Heuristic:Mlflow Mlflow Batch Logging Size Limits
| Knowledge Sources | |
|---|---|
| Domains | Optimization, Experiment_Tracking |
| Last Updated | 2026-02-13 20:00 GMT |
Overview
Performance and correctness heuristic defining the maximum batch sizes for logging metrics, parameters, and tags to MLflow in a single API call.
Description
MLflow enforces strict size limits on batch logging operations. The `log_batch()` method internally splits large payloads into smaller chunks that respect these limits. Understanding these limits helps developers design efficient logging strategies — particularly when logging thousands of metrics or parameters from hyperparameter sweeps or distributed training.
Usage
Use this heuristic when you are logging large numbers of metrics, parameters, or tags and need to understand throughput limits. This is critical when building custom logging pipelines, autologging integrations, or when debugging "request too large" errors from the tracking server.
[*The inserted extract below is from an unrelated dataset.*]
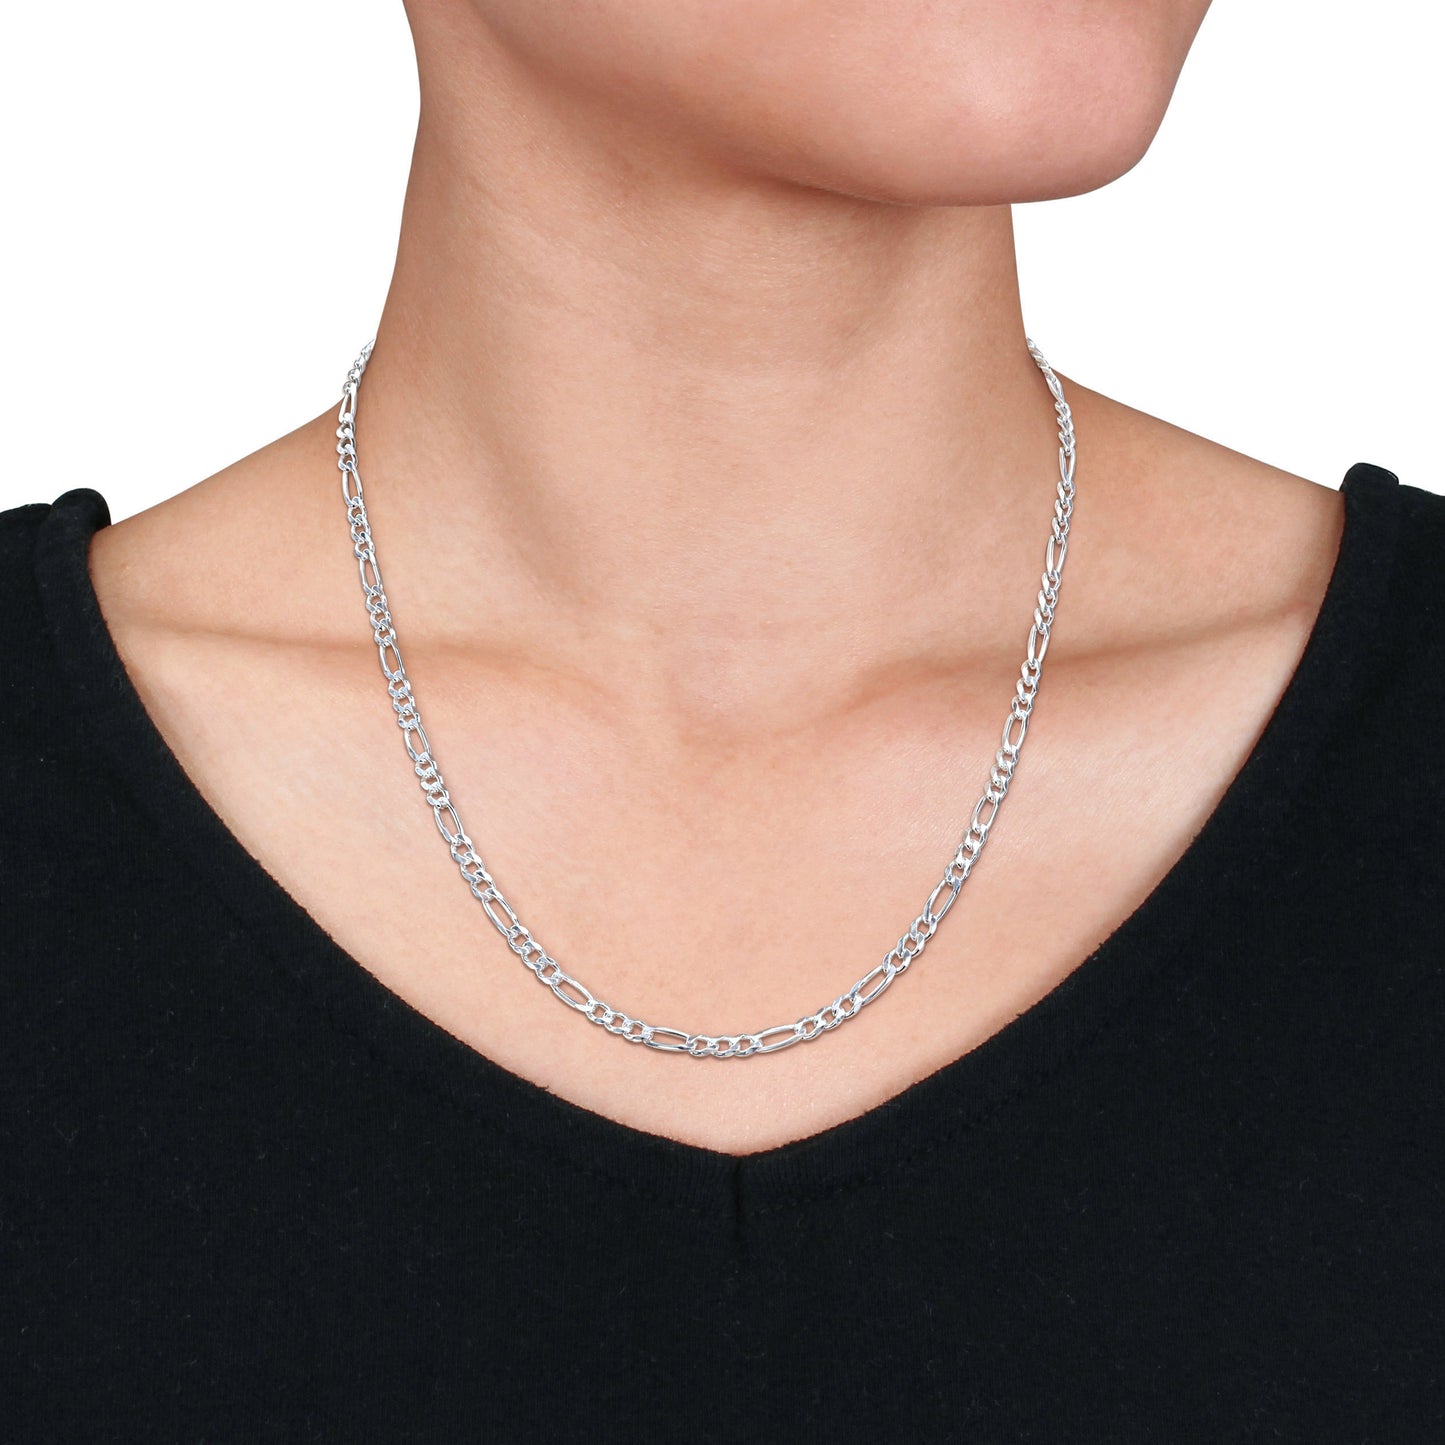 Sterling Silver Figaro Chain in 3.6mm
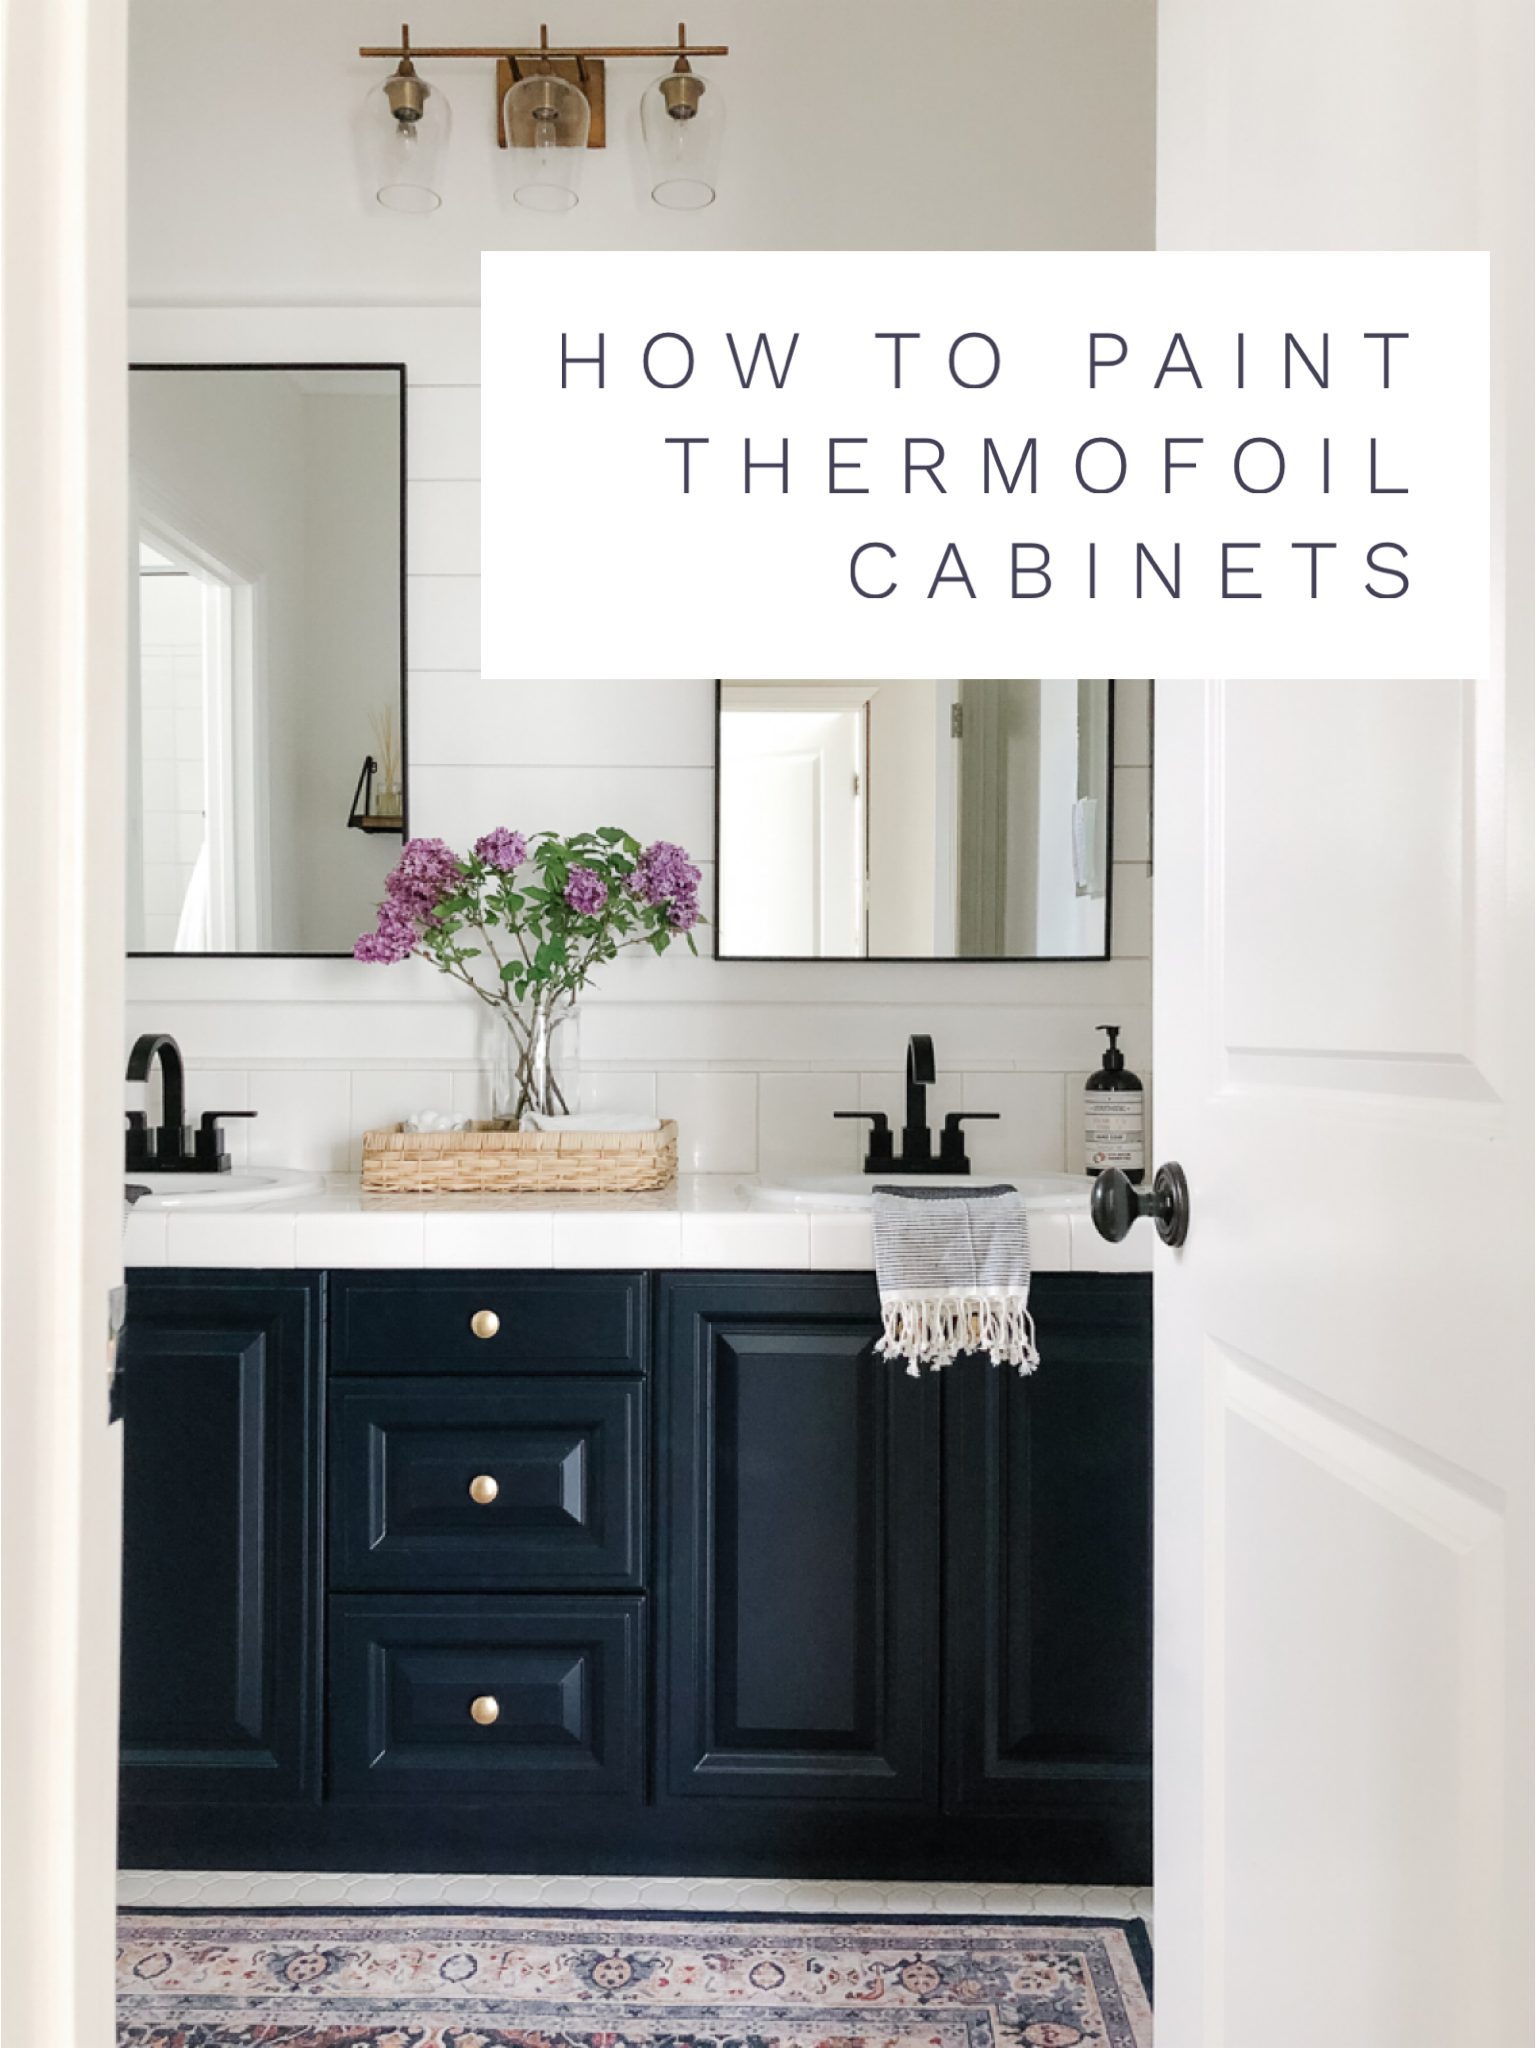 How To Paint Theril Cabinets A, Can You Paint Laminate Vanity Cabinets

The Insight (Rule of Thumb)
- Action: Use `log_batch()` instead of individual `log_metric()`/`log_param()` calls when logging more than a few items.
- Value:
- Max 100 params/tags per batch
- Max 1000 metrics per batch
- Max 1000 total entities per batch
- Max 1MB request size per batch
- Max 6000 characters per parameter value
- Max 8000 characters per tag value
- Trade-off: `log_batch()` with `synchronous=True` blocks until all chunked batches complete. With `synchronous=False`, returns a `RunOperations` future.
Reasoning
These limits exist to protect the tracking server from oversized requests that could cause timeouts or memory issues. The batch chunking logic in the MLflow client automatically handles splitting:
Code evidence from `mlflow/utils/validation.py:54-60`:
MAX_PARAMS_TAGS_PER_BATCH = 100
MAX_METRICS_PER_BATCH = 1000
MAX_DATASETS_PER_BATCH = 1000
MAX_ENTITIES_PER_BATCH = 1000
MAX_BATCH_LOG_REQUEST_SIZE = int(1e6) # 1 MB
MAX_PARAM_VAL_LENGTH = 6000
MAX_TAG_VAL_LENGTH = 8000
Automatic chunking from `mlflow/tracking/_tracking_service/client.py:508-557`:
def log_batch(self, run_id, metrics=(), params=(), tags=(), synchronous=True):
param_batches = chunk_list(params, MAX_PARAMS_TAGS_PER_BATCH)
tag_batches = chunk_list(tags, MAX_PARAMS_TAGS_PER_BATCH)
# When data is split into multiple batches, waits for all batches
# when synchronous=True. Each batch returns run_operations
# which are merged into a single RunOperations object.
Additional validation limits from `mlflow/utils/validation.py:61-69`:
MAX_EXPERIMENT_NAME_LENGTH = 500
MAX_EXPERIMENT_TAG_KEY_LENGTH = 250
MAX_EXPERIMENT_TAG_VAL_LENGTH = 5000
MAX_ENTITY_KEY_LENGTH = 250
MAX_MODEL_REGISTRY_TAG_KEY_LENGTH = 250
MAX_MODEL_REGISTRY_TAG_VALUE_LENGTH = 100_000
MAX_DATASET_NAME_SIZE = 500
MAX_DATASET_DIGEST_SIZE = 36